Fuzzers automate the process of trying to break an application by sending it unexpected data. Given a set of rules for constructing a file or an online form, a fuzzer will create every conceivable variation. Increasingly, vulnerability researchers and hackers are turning to tools to automate the discovery of flaws. For example, Next-Generation Security Software, a U.K. based technology consultancy, used a homegrown data-fuzzing tool to find the recent flaw fixed by Microsoft in the way Excel handles LABEL record files.

"Fuzzing and understanding file formats is the way that a lot of people are progressing along," said Sherief Hammad, founding director of NGSSoftware. "It is pretty easily, programmatically, to build up a file with malformed input. Sometimes that is a better way to analyze program flaws."

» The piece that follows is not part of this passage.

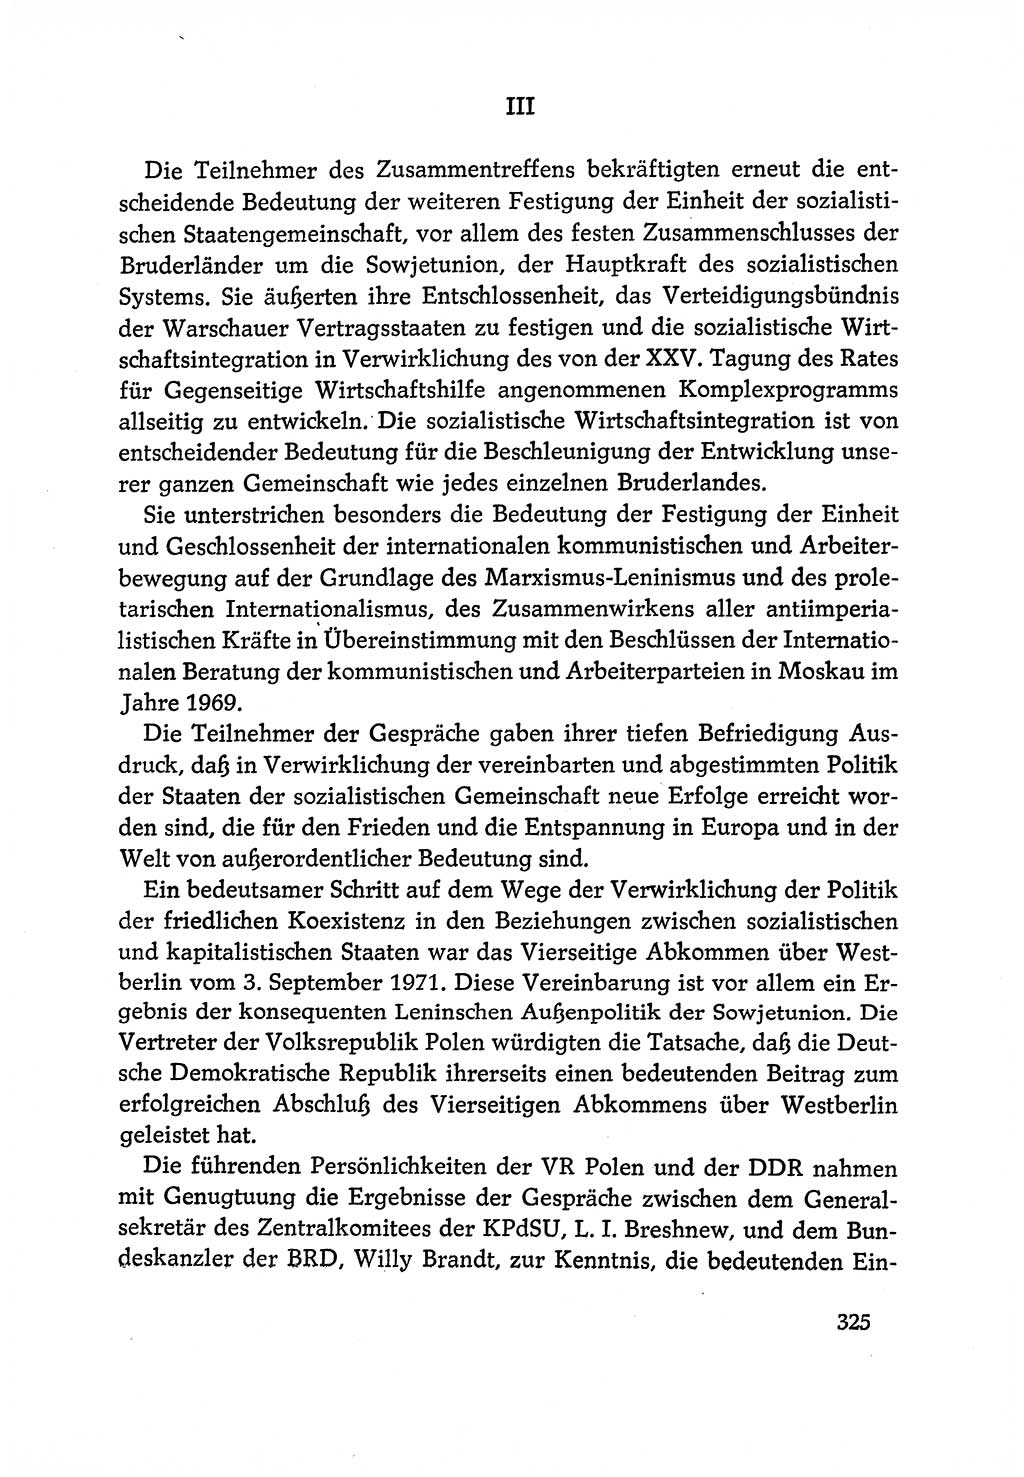 Dokumente der Sozialistischen Einheitspartei Deutschlands (SED) [Deutsche Demokratische Republik (DDR)] 1970-1971, Seite 325 (Dok. SED DDR 1970-1971, S. 325)
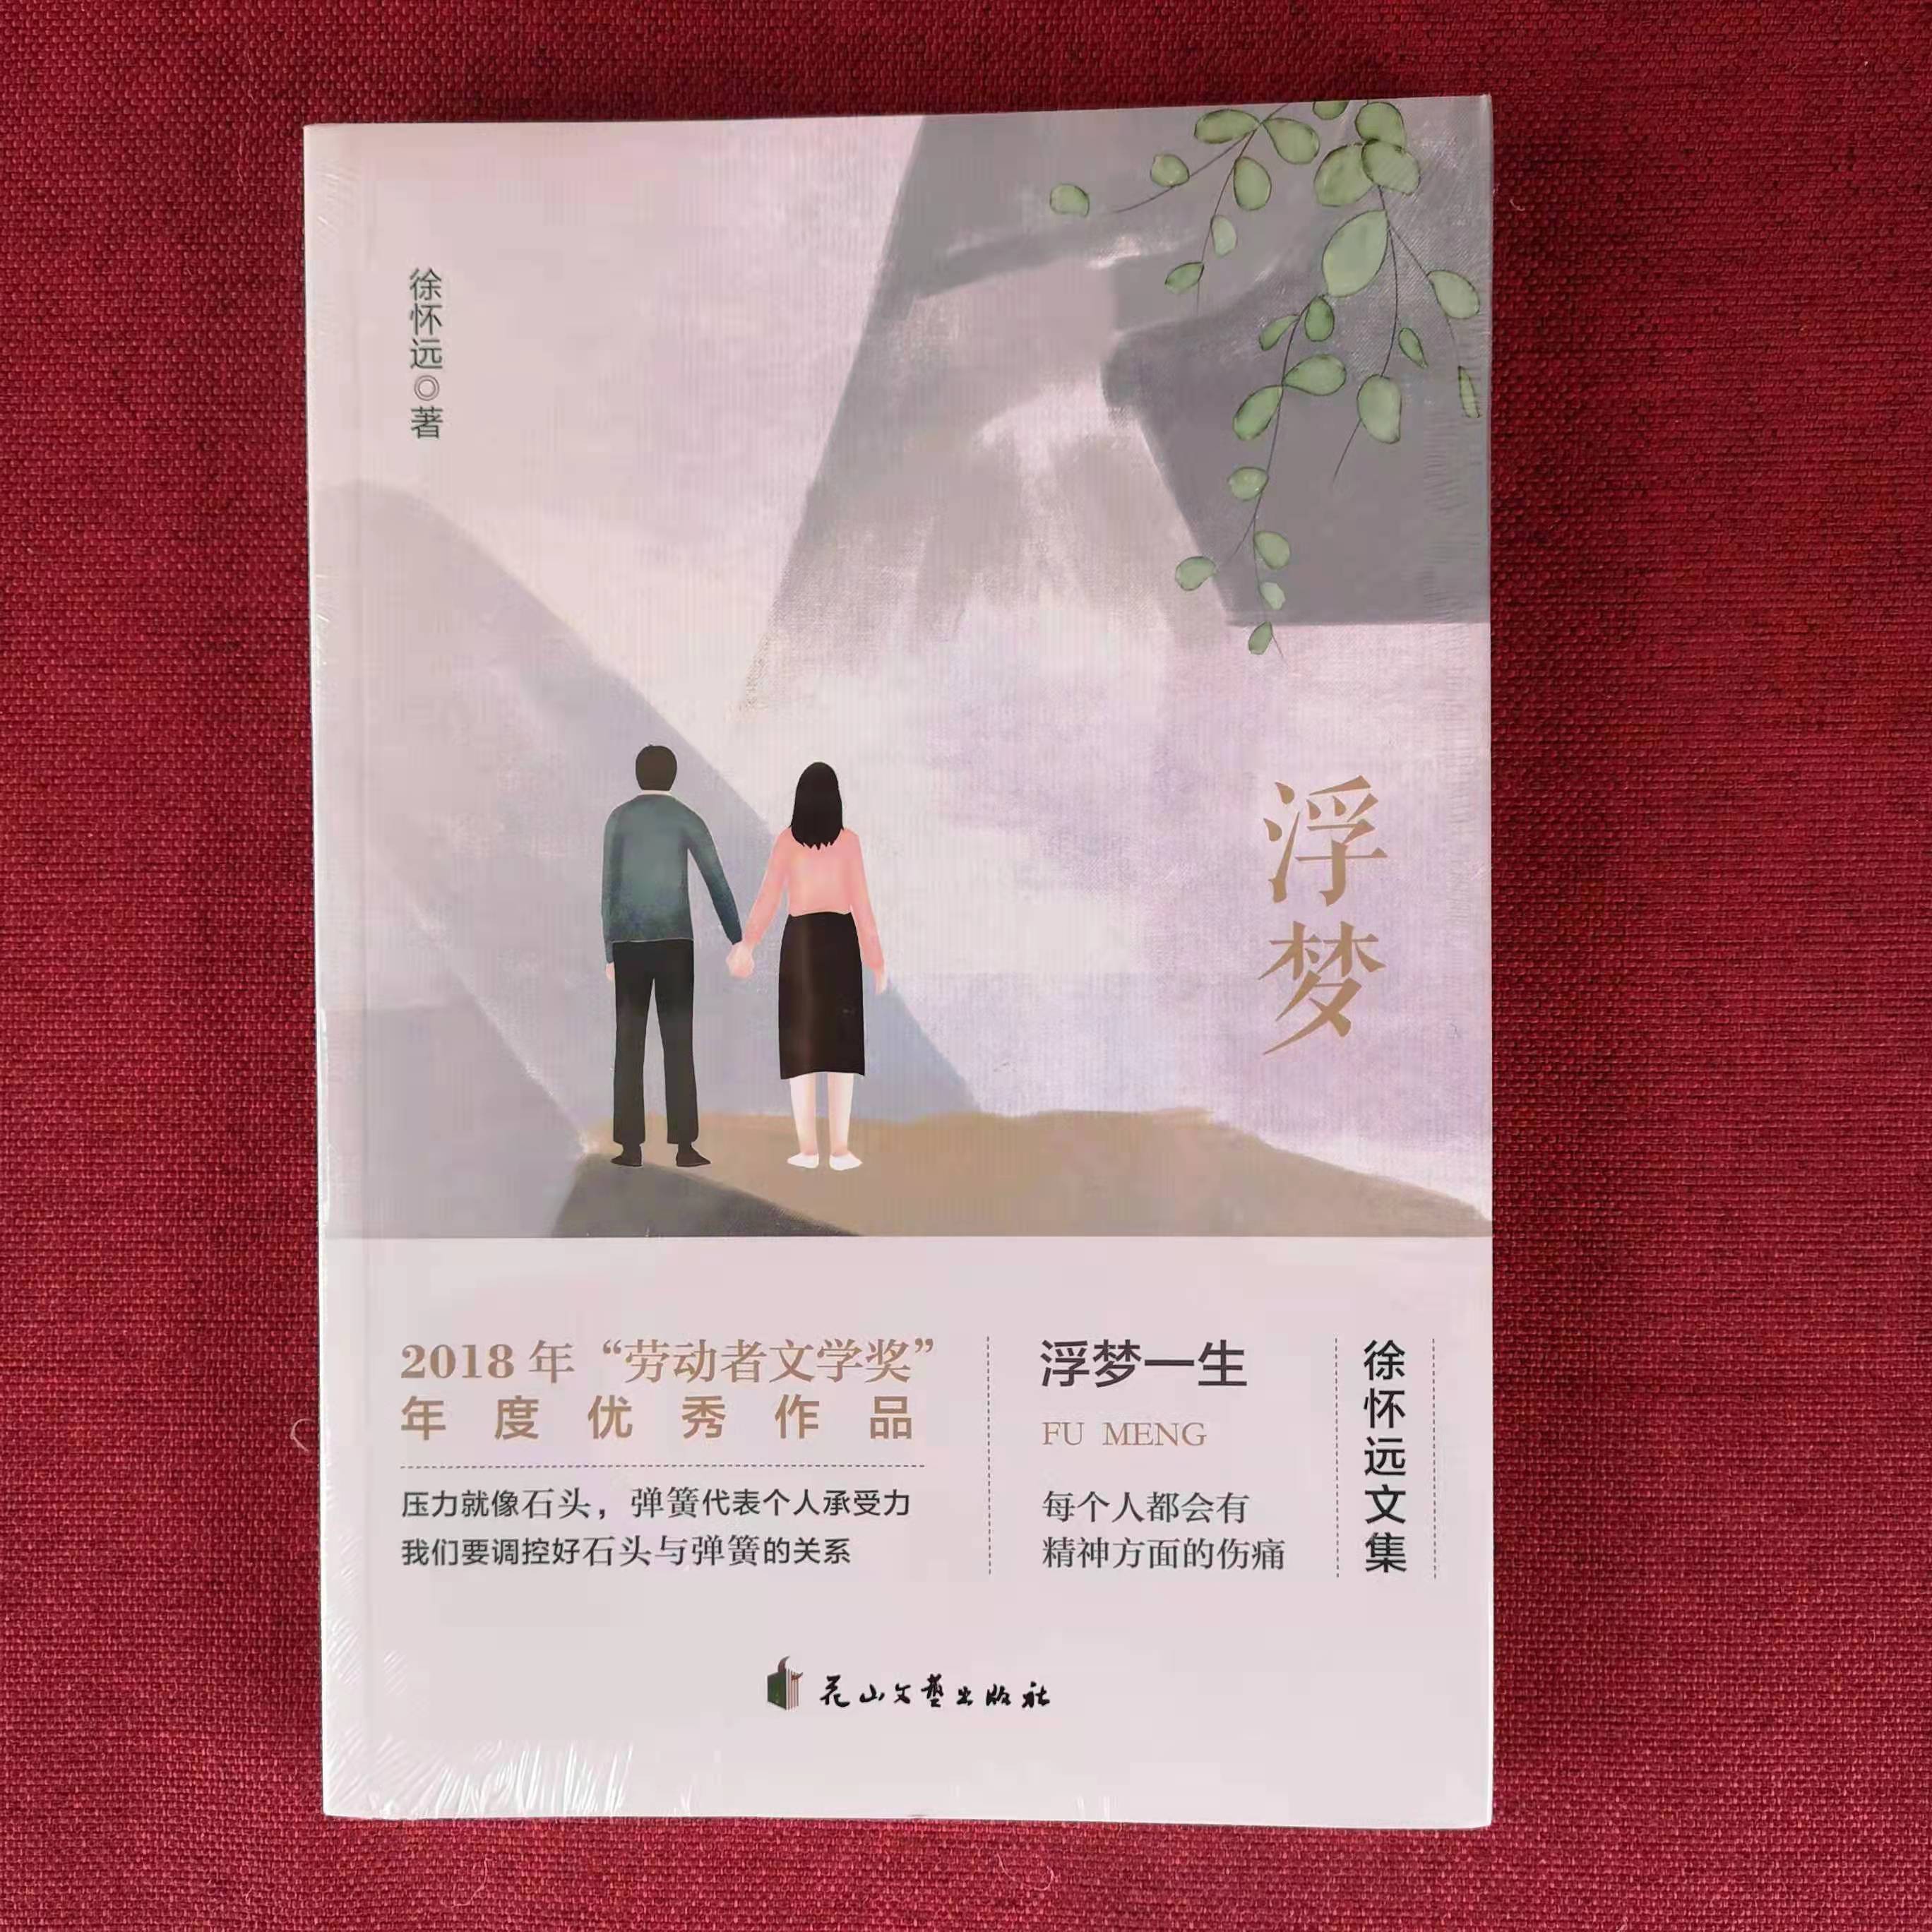 徐怀远长篇精神疾病题材小说《浮梦》出版

In July, security researcher HD Moore promised to release a browser bug every day of the month, highlighting the utility of data-fuzzing tools, but also the threat to software companies and their customers of falling behind the attackers in using such tools.

"Just like Moore is putting out a bug a day, these guys are using fuzzing tools and producing a large number of bugs," ISC's Sachs said.

Between Moore's focus on Internet Explorer flaws and the automated search for Office flaws, Microsoft's programmers have their work cut out for them, and system administrators should expect more fixes for software flaws from Microsoft. NGSSoftware, at least, has found two more vulnerabilities and reported them to Microsoft. In addition, the latest targeted Trojan horse attack uses a vulnerability in PowerPoint that the software giant still has to fix.

Moreover, the flaws reported to date are only due to a limited amount of effort using fuzzers, TippingPoint's Dhamankar stressed. Researchers do not typically have access to the detailed information about file formats for Microsoft's Office, so their efforts to date have been limited.

"What you are seeing right now is just investigation into one part of the file format, and people have a lot more records to look at," TippingPoint's Dhamankar said.